Losing the Peace also cuts to Washington, where Lodge strengthened his coalition, and to the rallies of the well financed “truth squads” that rallied the coalition against the treaty. The story also cuts to events elsewhere that affected the tour, including General George Pershing’s triumphant New York parade, the Boston police strike, the nationwide steel strike, the catastrophe of the Spanish flu (which may have hit Wilson in Paris), battles over riots and terrorism, and ongoing developments in Europe where 14 wars still took place as other nations reckoned with the treaty.

This is not just a book about Wilson’s “swing around the circle” or his speeches or even about the Wilson-Lodge rivalry or even about the wobbly new postwar global order.

This is also the story of a nation transformed, not just by the bloodiest war in history, but also by America’s leadership in the world, the swelling power of America’s industrial giants, the decline of labor, the renewed rise of racist ideology, riots and suppression of dissent, and America’s splintering into factions more dangerous than any time since the Civil War.

This is the story of an exhausted political order, too weary to engage the possibilities of preventing war.

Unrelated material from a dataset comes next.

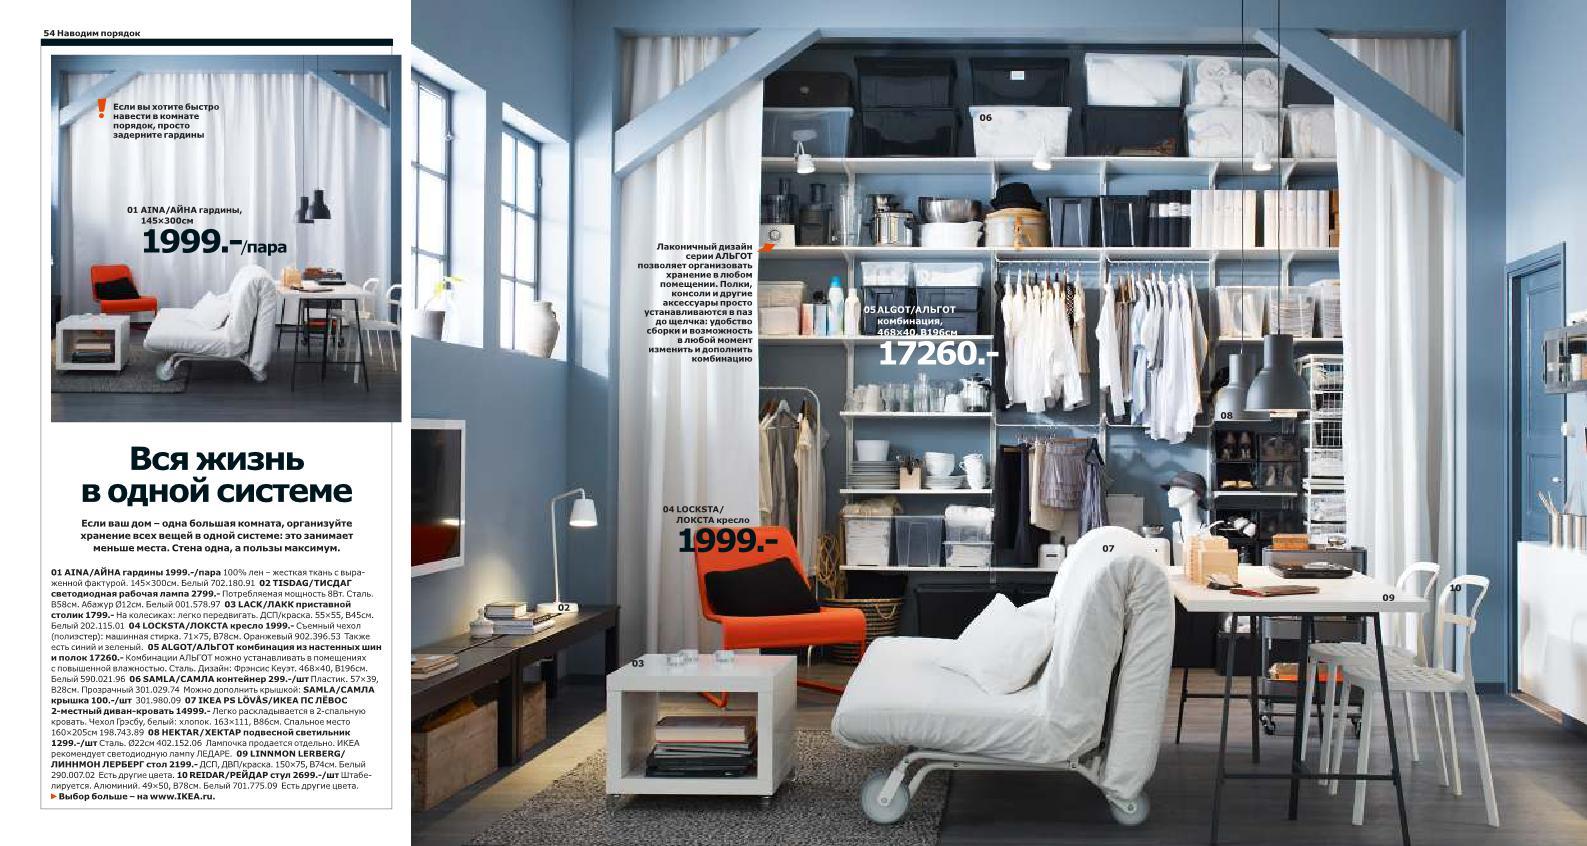 Скачать каталог IKEA 2014

It’s the story of seething political hatreds—partisan, sectional, ideological, economic—eager for dominance and revenge.

This is the story of a nation struggling to find a new identity as a superpower and the president who wanted to bend that status in new ways.

This is the story of a nation of “hyphenated Americans,” laborers, and blacks, who fought and sacrificed in the war and now saw themselves slipping into second-class citizenship.

This is the story of new technologies—in media, transportation, cities, farms, commerce, and the military—changing the basic logic of American politics and society.

This is the story of a nation fighting to head off foreign entanglements, long after those entanglements had become woven into the global and national fabrics.

Given the stubbornness and skill of the Republican opposition, as well as the national desire to return to “normalcy,” Wilson might have been doomed from the start. Even on his best days, Wilson’s appeals alienated potential allies and undermined the effort to create a majority coalition for a radically new approach to world politics.

Losing the Peace reveals not only a gifted president striving mightily to realize his greatest dream, but also his internal battle against his Shakespearean flaws of hubris, anger, and isolation. Even in tragic failure, though, Wilson’s campaign for the League of Nations transformed American politics.

Woodrow Wilson’s Western Tour displayed Wilson’s audacity and his gifts as an orator and his deep contradictions as a leader and a man. Wilson travels a country he barely knows anymore. He struggles to sell an idea that he calls as revolutionary as the nation itself—to a people eager to return to a world they had before the war. As Wilson faces the American people for the last time, “eye to eye and face to face,” Losing the Peace shows a dynamic, moralizing, oratorical president confront the limits of politics and reform.